Pizza for a user group meeting? Your attendees already hate you - 1kevgriff
http://kevgriffin.com/user-group-food/
======
1kevgriff
Thanks all for the comments. I've recently updated the post to reflect a
couple points.

[http://kevgriffin.com/user-group-food/](http://kevgriffin.com/user-group-
food/)

------
ljk
> Don't get me wrong, pizza is awesome. Pizza is EXCESS is horrible. Be good
> to your groups and don't buy pizza (or sandwiches). Look for creative
> alternatives. Attendees will love you.

Can be said about any of the food listed

------
thaumasiotes
I couldn't disagree more. Stock your meeting with food that the attendees will
eat. Get pizza, and make sure you have safe options, like "cheese".

------
0x4a42
Junk food is not memorable, really. All I can see in this list is just junk
food.

------
a3n
> Chick-Fil-A

I always pronounce that restaurant as "Gay hating Chick-Fil-A."

------
a3n
I wouldn't expect anyone to spend a lot of money on an incidental.

------
ddingus
If it is awesome pizza, they will eat it and have a good experience. Bonus
points for a nice salad and other simple options.

With groups, when food is appropriate, the food often determines a lot of
their potential to enjoy the event and may frequently enhance value
perception.

My best success with this is centered on local places that deliver kick ass
catering. Even simple things, sandwiches, pizza, salad, cheeze, etc... can be
really great treats.

It's all in the preparation and presentation. Compare a chain pizza to oven
fired, olive oil infused, pizza with fresh, high grade ingredients. It's like
night and day, and the difference in cost isn't s big deal given the value
added.

Finding these places can be a fun networking task, and a meet n greet to
sample makes great sense too. Get to know a few and be rewarded with great
food experiences with low to no hassle.

Time and place matter too. Can it be an evening affair with light drinks?
Knowing the user community matters as much as anything else does. Finding ways
to message, educate, and encourage everyone to network and share experiences
is worth the extra effort.

I think about whether I look forward to the event, or it being work. It is
work in both cases, but having a good time and looking forward to that reward
of good eats, friends, and high value information is almost not work.

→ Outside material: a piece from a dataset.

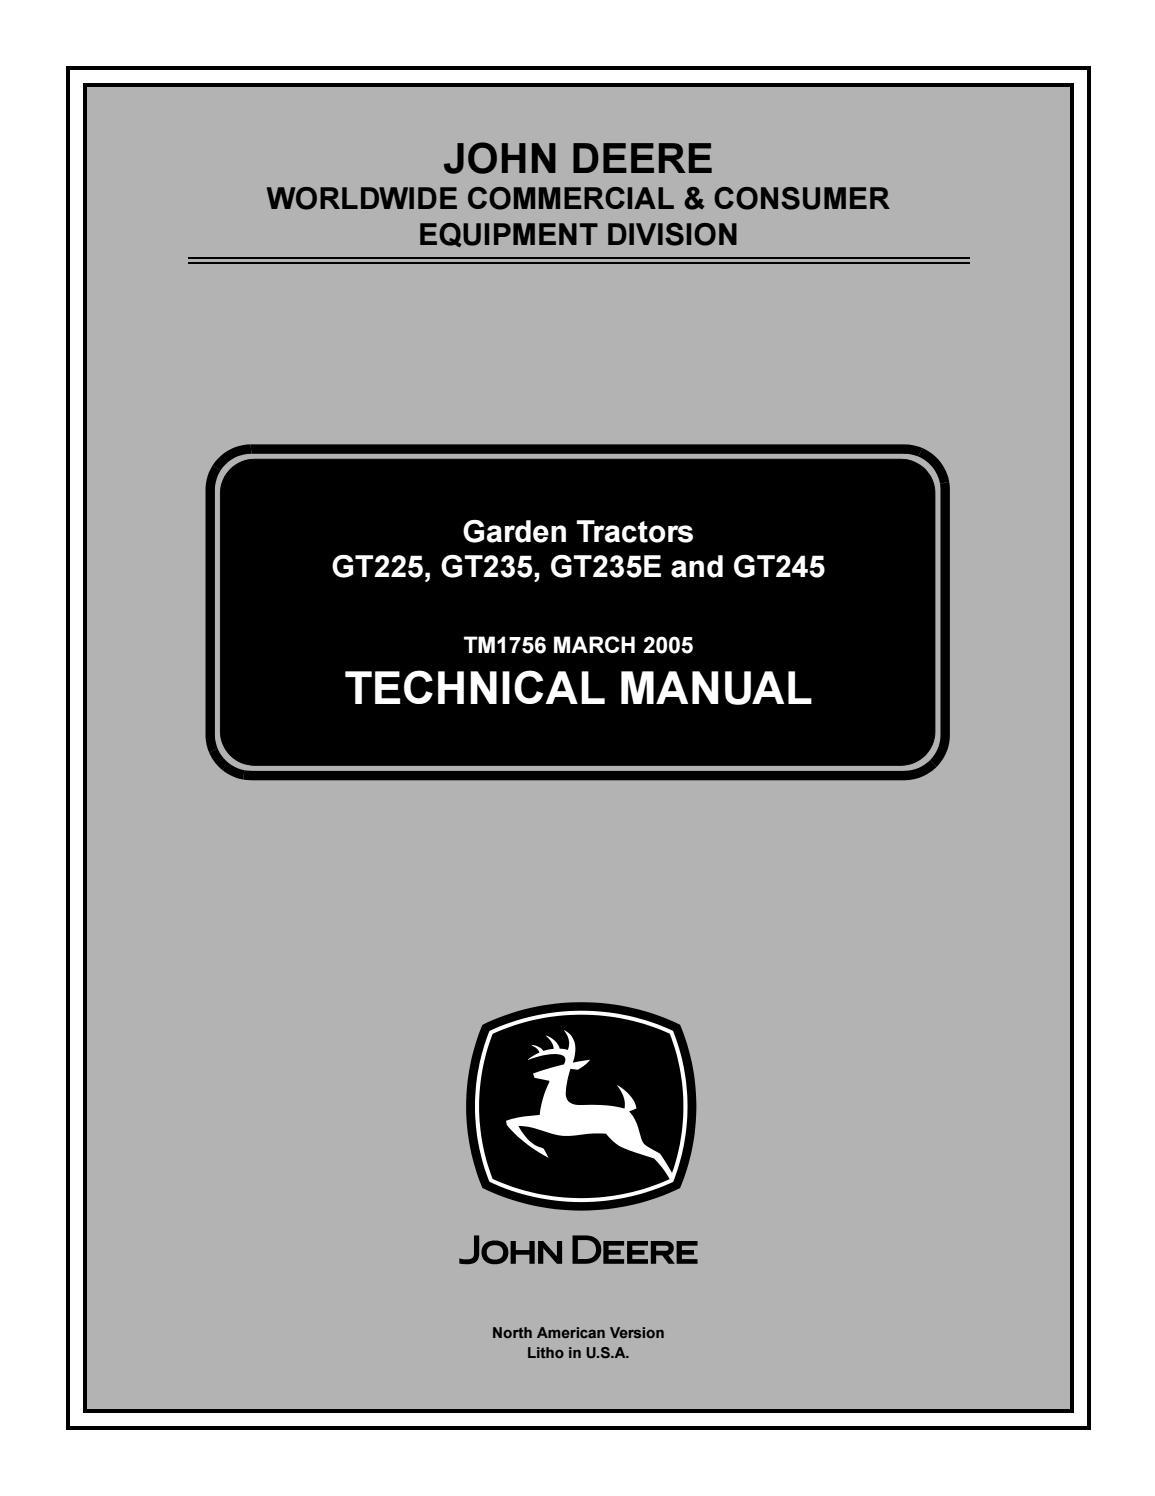 John deere gt245 lawn garden tractor service repair manual

Target that experience. You will pay a bit more, and you will work a bit more,
but everyone involved gets enough to make it all worth it and they will be
more inclined to bring others too.

For a number of years, I was part of a large, regional product user group.
Helped organize the event, and I was a part of many technical things related
to the community. I almost never had trouble presenting material, getting
others to speak, etc... we served brown bag lunches in an auditorium, and over
the years it got to be almost a family event. Repeat attendees had named bags
with just the right stuff in there for them, and we always ordered a little
extra for new people. Many were considerate and would give names and food
preferences too.

Cost was something like $8 per, and the business generated as well as the
closeness of the community really was something. Many of those people have
kept in touch and have brought new opportunity and contacts long after that
successful run.

A bulk catering would have been less. Maybe half.

I am sure we would not have has the same long term, resonant effects with a
lesser venue and more general food. Worth every penny.

A similar meetup for creative worked best in a local tech building with beer
and wine.

Both groups, with the former being engineering focused, responded to personal
treatment in favorable ways: being positive advocates, referrals, presenters,
friends, etc... while needing very different vibes and atmosphere to maximize
it for them.

Some time spent really understanding this will almost always pay big
dividends.

I understand some groups won't have the same value potential, but I also
suspect the positive impact on staff and alphas in the community will still
make details matter. No matter what, the staff and significant contributors
are going to be there and a lot of how they present and the value perception
on all of that is very likely worth some effort.

Unless the business is running ultra lean for necessary reasons, damn good
events are worth more than more events in my experience.